This rare fish with a cylindrical and elongated body, sometimes up to two meters long, covered with stony scales, still inhabits, although not abundantly, some rivers on the southern coast of western Cuba, although it found a perfect habitat in the extensive wetland of the Ciénaga de Zapata, the largest in the country, a restricted and protected area in the province of Matanzas.
The extraordinary thing about this relict species is that it is valued by science as a biological relic, a kind of evolutionary link between reptiles, fish and mammals, whose first companions on Earth ceased to exist a whopping few years ago, 27,000 centuries.
The mystery of its survival dazzles the applied scholars and equally the simple mortals aware that it is an order or family endemic to Cuba. There have been specimens in the southern part of the western region and Isle of Youth. Due to the reduction of their current life habitats, the danger of extinction that this family now faces is enormous, which could seem eternal to us.

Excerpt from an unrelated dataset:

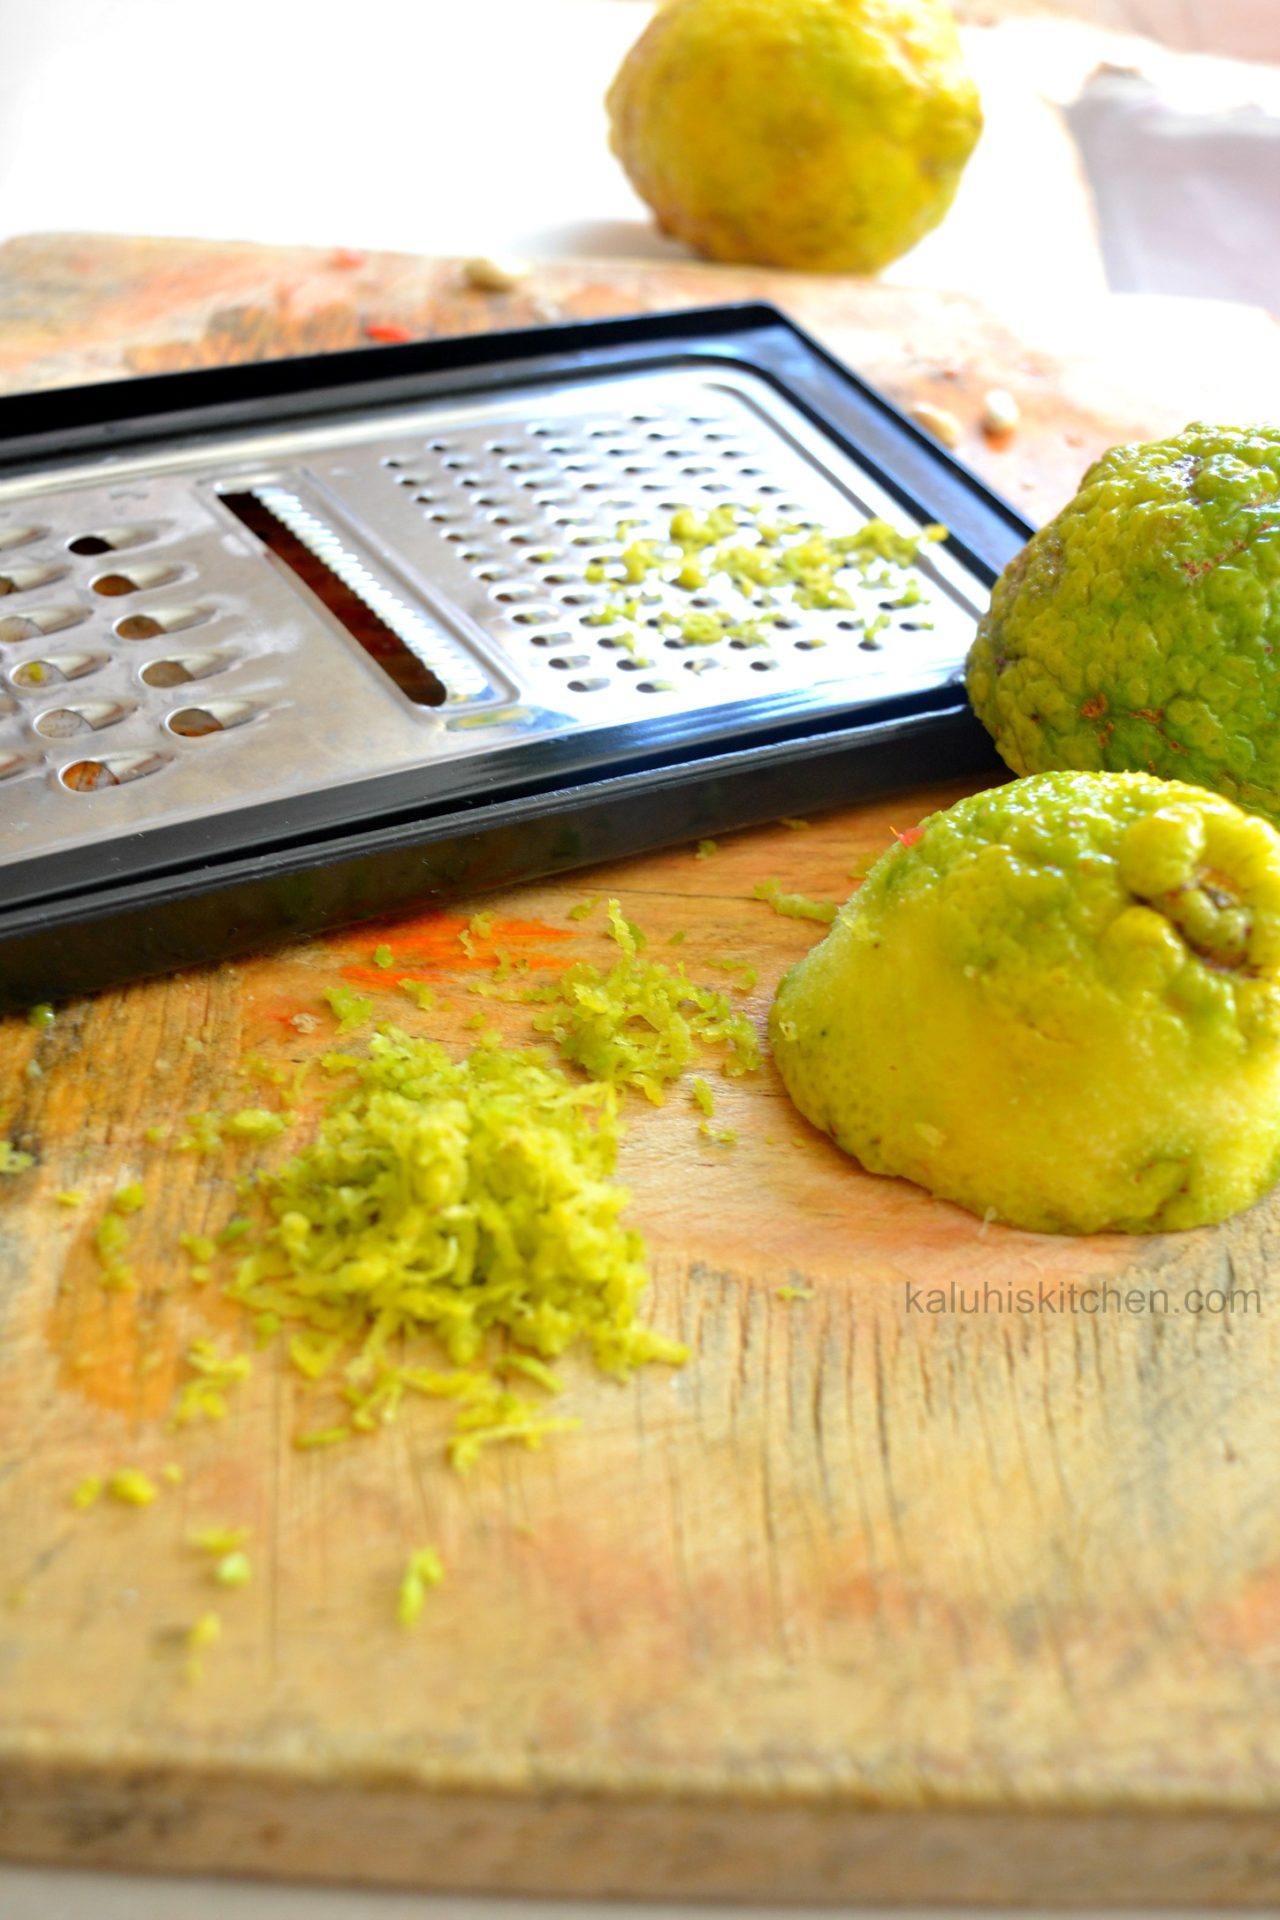 lemon zest intensifies the taste of lemon in the omena making this dish very delicious and palatable_kaluhiskitchen.com_best kenyan food blog_food bloggers in kenya

Other semitropical regions of the Americas also count it among their values. It is estimated they were born in the Carboniferous stage of the Paleozoic era, coinciding with the time when the first reptiles were born. There are scientific theories that relate the body structure, endowed with skeletons, as the possible evolutionary link between fish, reptiles and mammals.
Called in Cuba manjuarí (Lepisosteustristoechus), name of Taíno or Arawak resonances, in some regions of the Antillean area it is known as alligator fish, due to the extreme hardness of its scales and the shape of its body. Not only is it a true living fossil, but it looks like one.
For that reason, their capture never attracted much to humans. It is known they were part of the diet of the first inhabitants of the Island, peaceful aborigines distributed in communities, found by the Spanish after the arrival of Christopher Columbus in Cuba, on October 27, 1492.
But that matter would be part of another story.